2) The gas that has twice the molar mass is the one whose rate we are trying to determine.

MM₂ = 2
MM₁ = 1

These molar masses are arbitrary values, we just need MM₂ to be twice the value for MM₁.

3) Graham's Law:

r₁/ r₂ = $\sqrt{\mathrm{MM₂\; /\; MM₁}}$

3.62 / x = $\sqrt{\mathrm{2\; /\; 1}}$

x = 2.56 mol/min

Problem #12: Calculate the rate of effusion of NO₂ compared to SO₂ at the same temperature and pressure.

Solution:

1) The rates of effusion of two gases are inversely proportional to the square roots of their molar masses. Here is a statement of Graham's law:

rate₁² x MM₁ = rate₂² x MM₂

2) Solve for the unknown:

rate₂ = $\sqrt{\mathrm{(rate₁²\; x\; MM₁)\; /\; MM₂}}$

rate₂ = $\sqrt{\mathrm{(1²\; x\; 46.005)\; /\; 64.063}}$

rate₂ = 0.85

The rate of effusion of SO₂ is 0.85 times the rate of effusion of NO₂, which is logical because SO₂ is more massive than NO₂, and moves more slowly, on average.

3) The above solution was not written the ChemTeam, but it is rather nice, so I decided to copy it as is. Notice how the solution assigns rate₁ to be equal to 1. You might wish to rearrange the writer's Graham's law equation into the one the ChemTeam tends to use.
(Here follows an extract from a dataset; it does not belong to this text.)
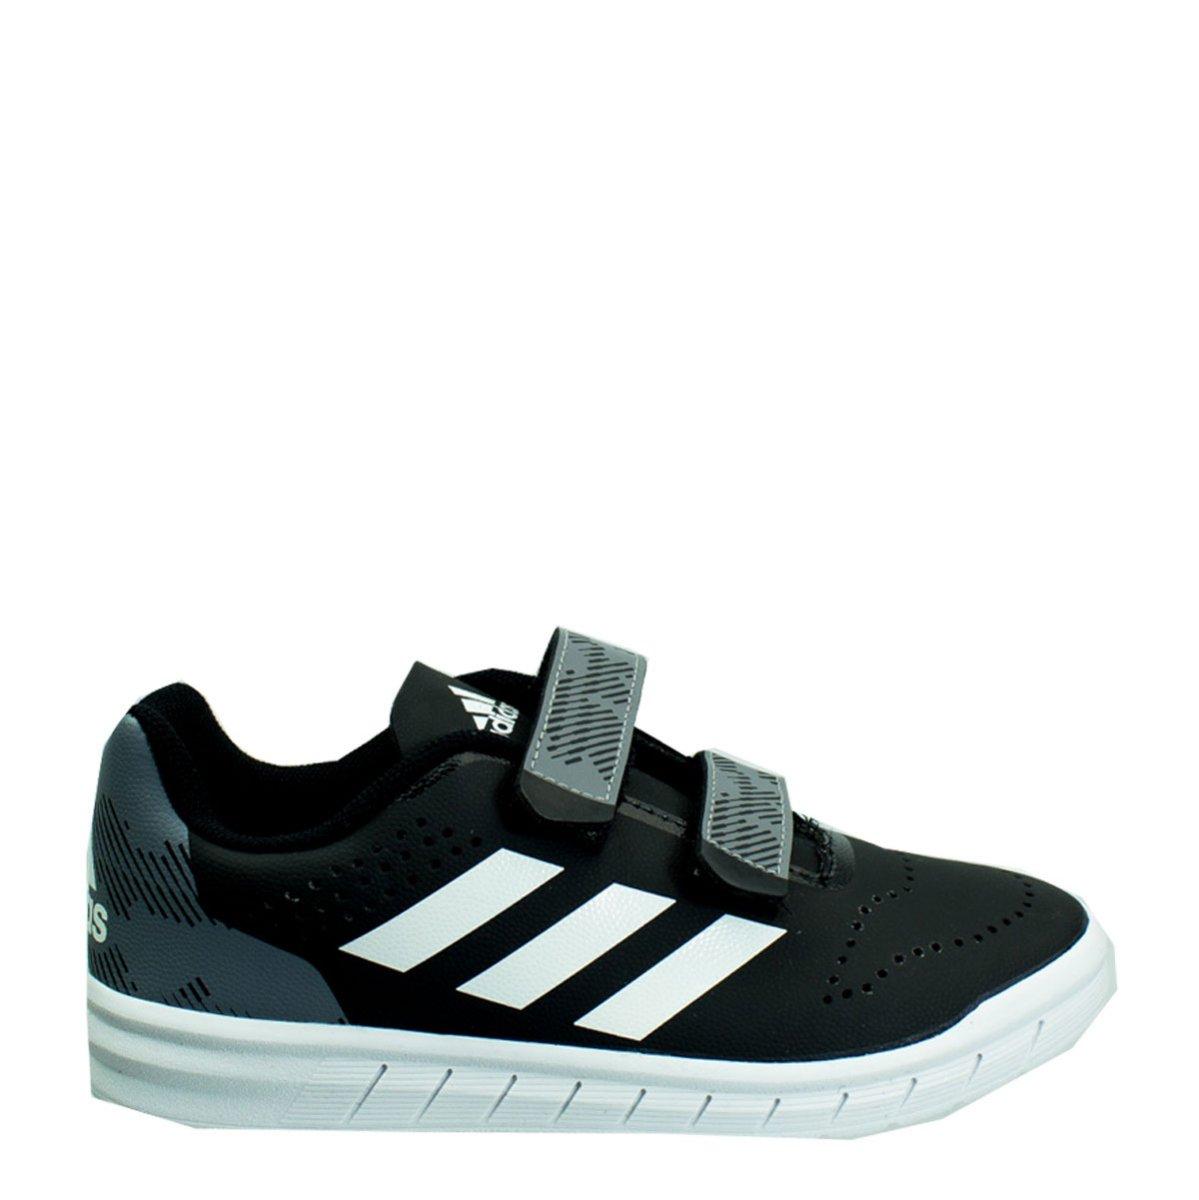 Bizz Store - Tênis Infantil Menino Adidas QuickSport CF C e689f533ef5

Problem #13: Assume you have a sample of hydrogen gas containing H₂, HD, and D₂ that you want to separate into pure components. What are the various ratios of relative rates of effusion?

Solution:

Let us first compare H₂ and HD to D₂. Since D₂ is the heaviest molecule, it is the slowest. D₂'s rate (which is r₂) will be set to 1.

Graham's Law is: r₁/ r₂ = $\sqrt{\mathrm{MM₂\; /\; MM₁}}$

1) H₂ : D₂

x / 1 = $\sqrt{\mathrm{4.028\; /\; 2.016}}$

x = 1.4135

H₂ effuses 1.4135 times faster than D₂

2) HD : D₂

x / 1 = $\sqrt{\mathrm{4.028\; /\; 3.022}}$

x = 1.1545

HD effuses 1.1545 times faster than D₂

3) Finally, let us compare H₂ to HD. This may be solved two different ways:

x / 1 = $\sqrt{\mathrm{3.022\; /\; 2.016}}$

x = 1.2243

or, use a ratio and proportion:

1.4135 is to 1.1545 as x is to one

x = 1.2243

H₂ effuses 1.2243 times faster than HD.

Problem #14: A 3.00 L sample of helium was placed in container fitted with a porous membrane. Half of the helium effused through the membrane in 25 hours. A 3.00 L sample of oxygen was placed in an identical container. How many hours will it take for half of the oxygen to effuse though the membrane?

Solution:

1) Determine helium's rate of effusion:

1.50 L per 25 hr = 0.0600 L/hr.

Let r₂ be the rate for helium.

That means r₁ will be the rate for oxygen in L/hr.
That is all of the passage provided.